De ontwikkeling betrof niet alleen de industrie, Nkrumah was er ook op gebrand dat de huisvesting zou worden verbeterd. De arbeiders van de aluminiumfabriek zouden worden gehuisvest in een speciaal gebouwde nieuwe stad in Kpong met een scala aan sociale voorzieningen, parken, gezondheids- en onderwijsfaciliteiten.
Het probleem, zoals met de meeste idealistische visies, was de financiering van de onderneming. Nkrumah had zich verzekerd van enige, zij het beperkte, steun van de Britse regering, en hoopte dat de Brits-Canadese aluminiumonderneming voor de rest zou zorgen.
Nkrumah’s inzet voor kwalitatief hoogwaardige huisvesting voor de smelterijarbeiders was bewonderenswaardig – maar het zakenconsortium deelde deze genereuze visie niet en was zelfs niet bereid de meest elementaire woningen te financieren. Het idee om te voorzien in uitgebreide sportfaciliteiten en een infrastructuur van hoge kwaliteit was een anathema. De onderhandelingen mislukten uiteindelijk.

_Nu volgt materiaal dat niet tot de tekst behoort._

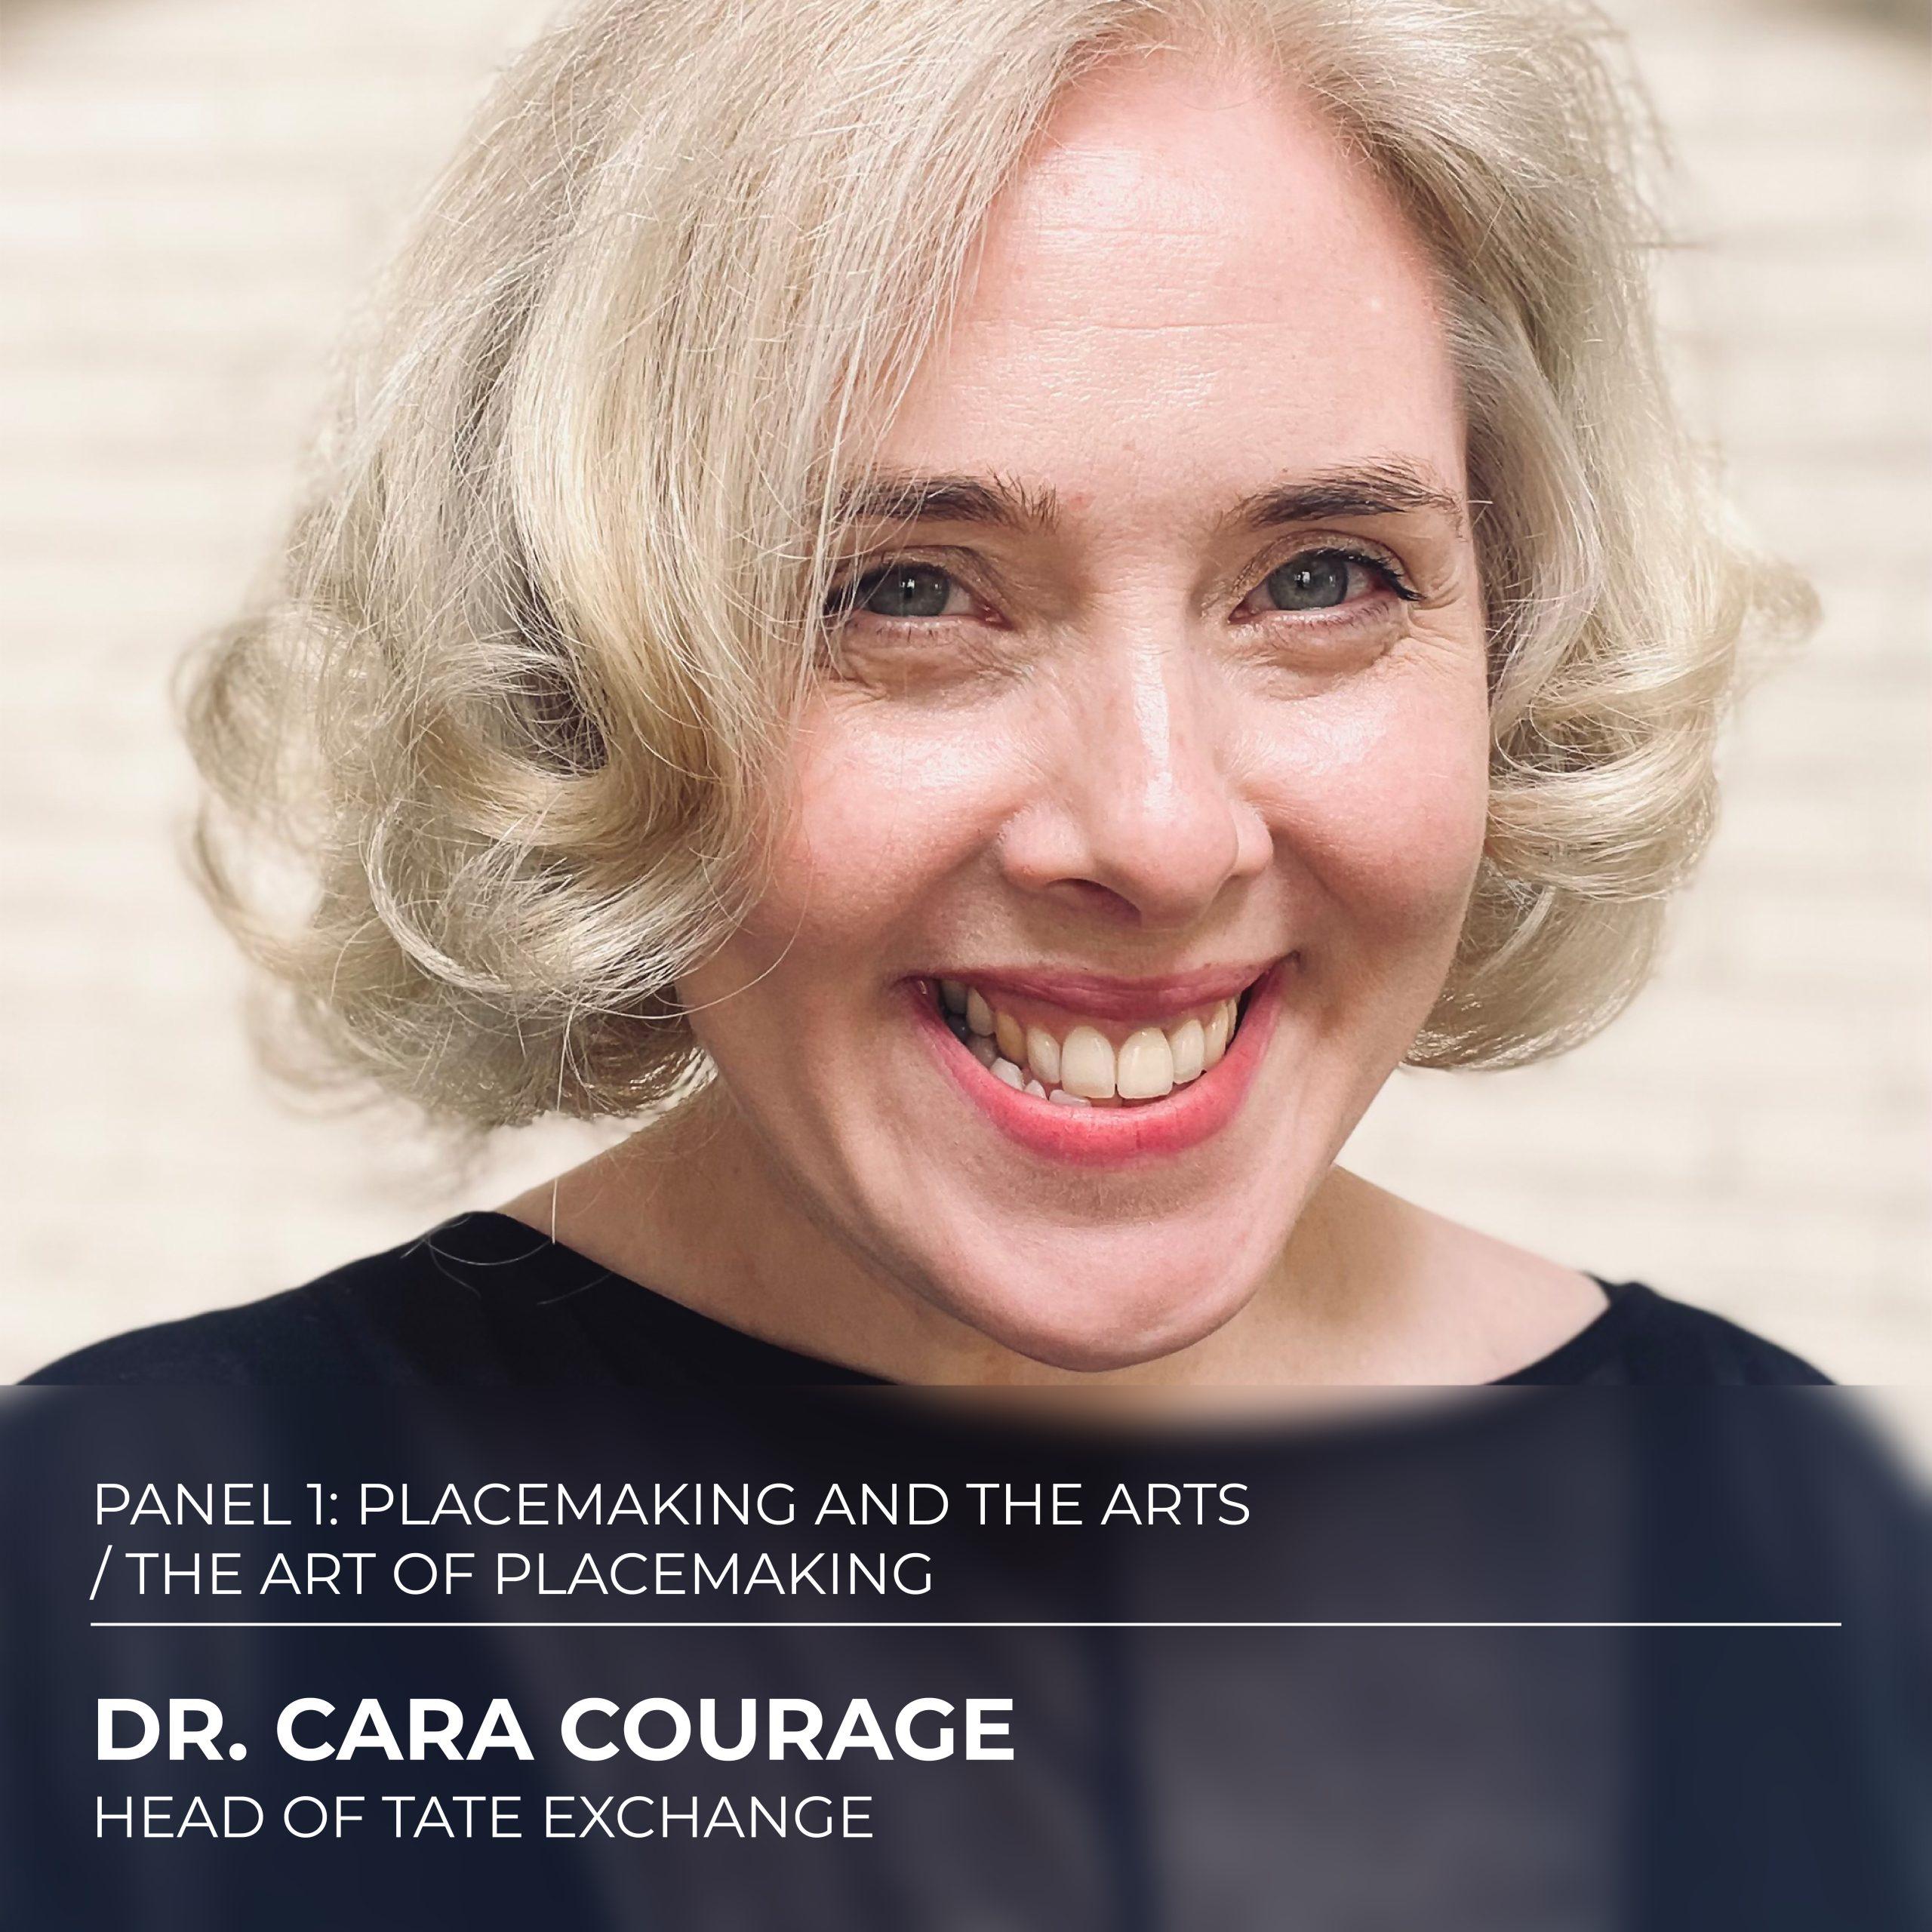 Dr. Cara Courage
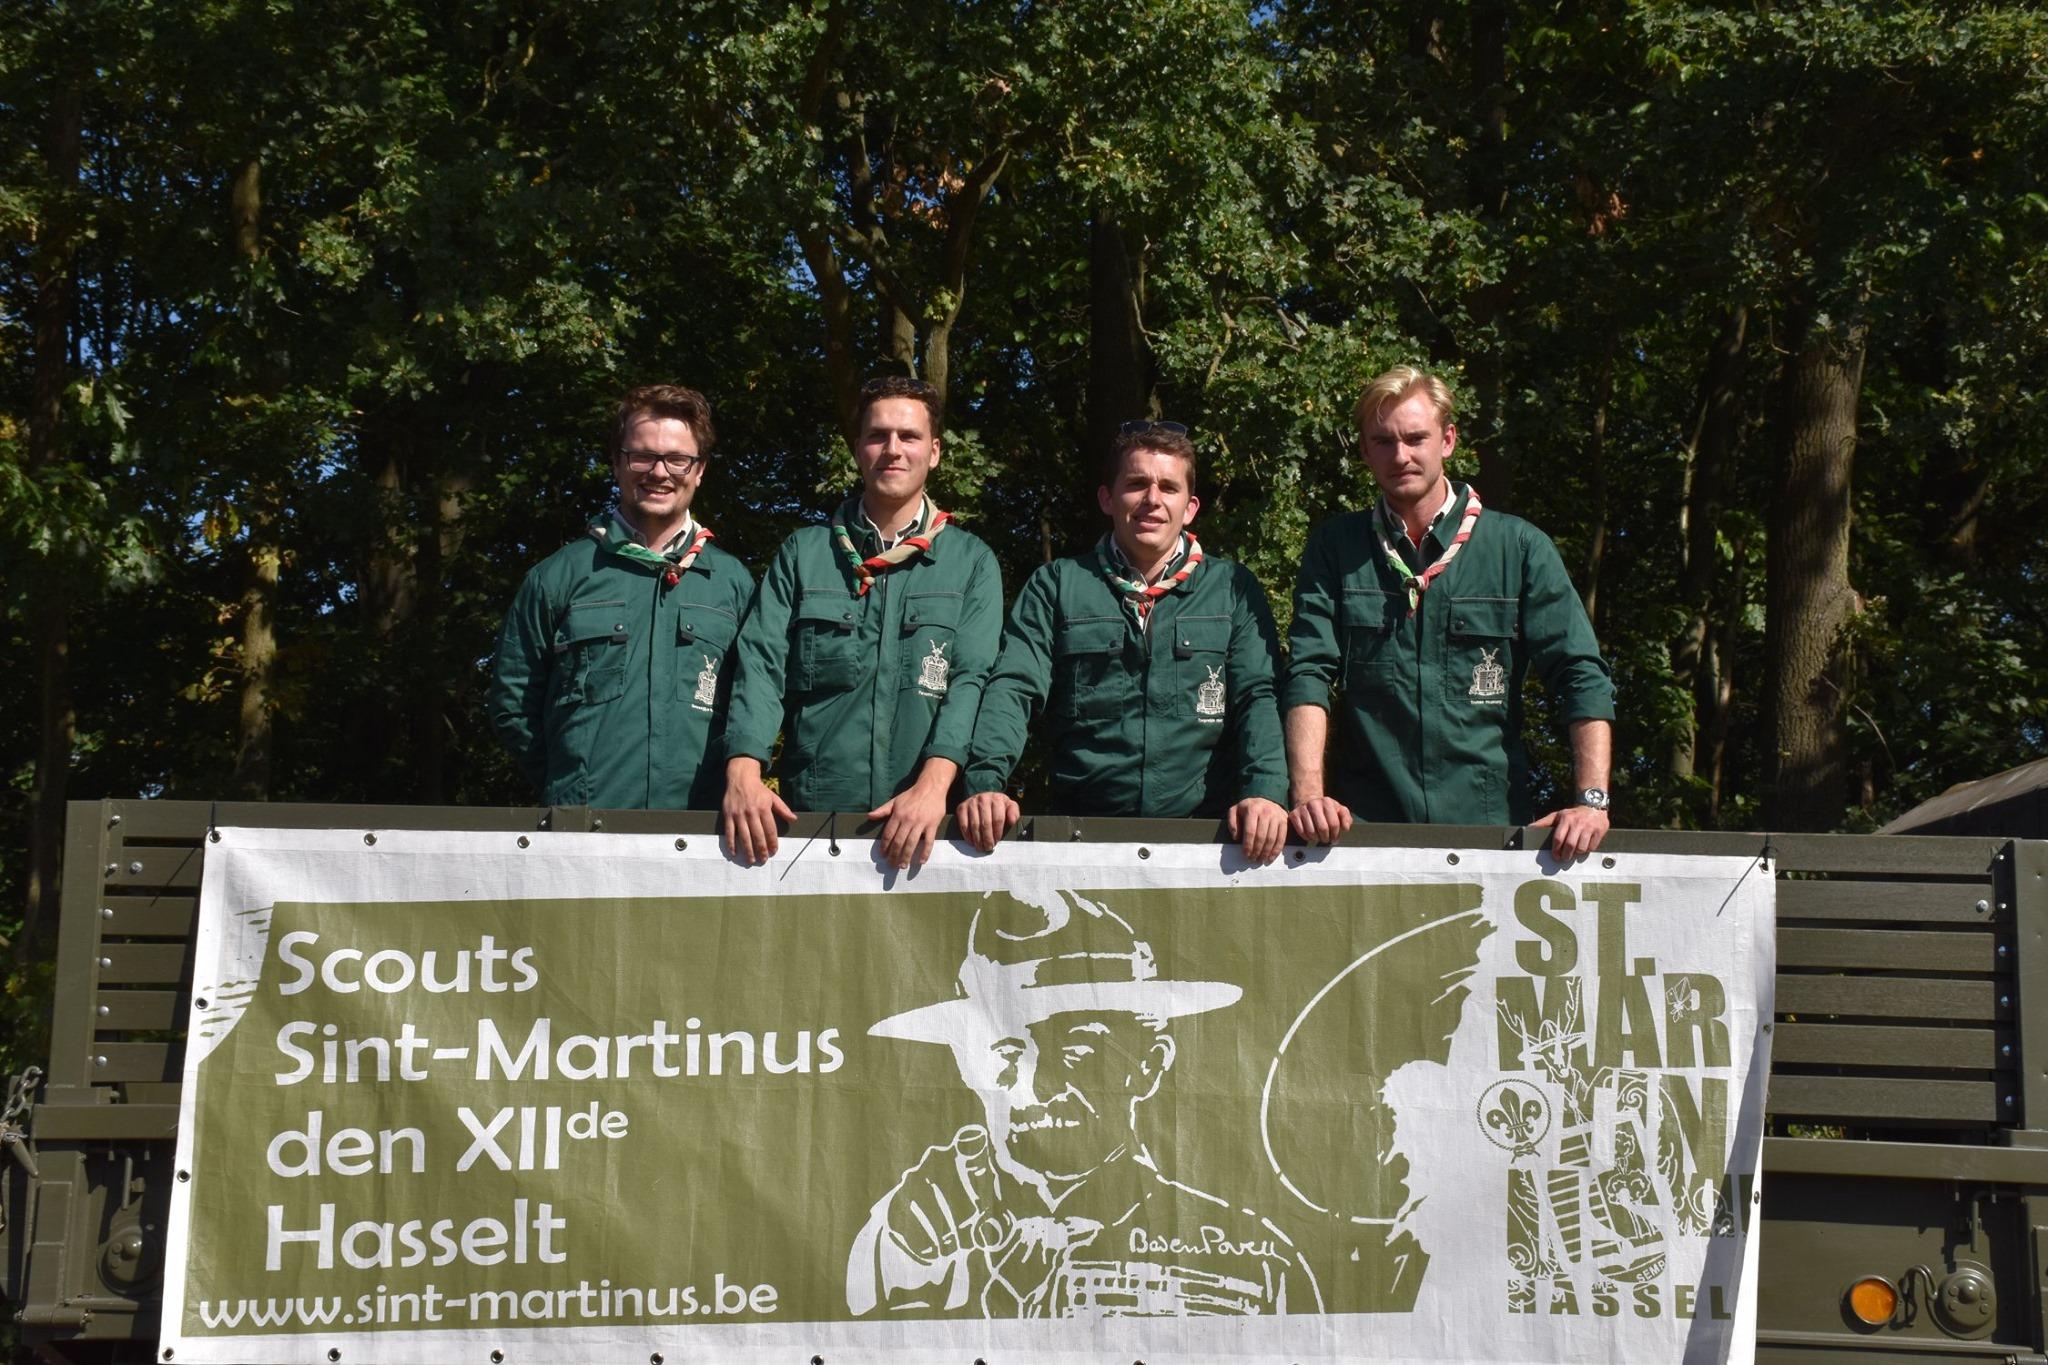 Sint-Martinus den XIIde - Materiaalploeg

Maar het project was te belangrijk voor Nkrumah en hij bleef zoeken naar nieuwe partners, waaronder steun uit de Sovjet-Unie, wat het VK en de VS grote zorgen baarde. Uiteindelijk stemde de Amerikaanse staalmagnaat en dambouwer Henry J. Kaiser ermee in het project te leveren. De overeenkomst hield in dat de smelterij dichter bij de nieuwe stad Tema zou worden gevestigd en dat geïmporteerd bauxiet uit de VS zou worden gebruikt. Dit vernietigde Nkrumah’s aspiraties om lokale grondstoffen te gebruiken.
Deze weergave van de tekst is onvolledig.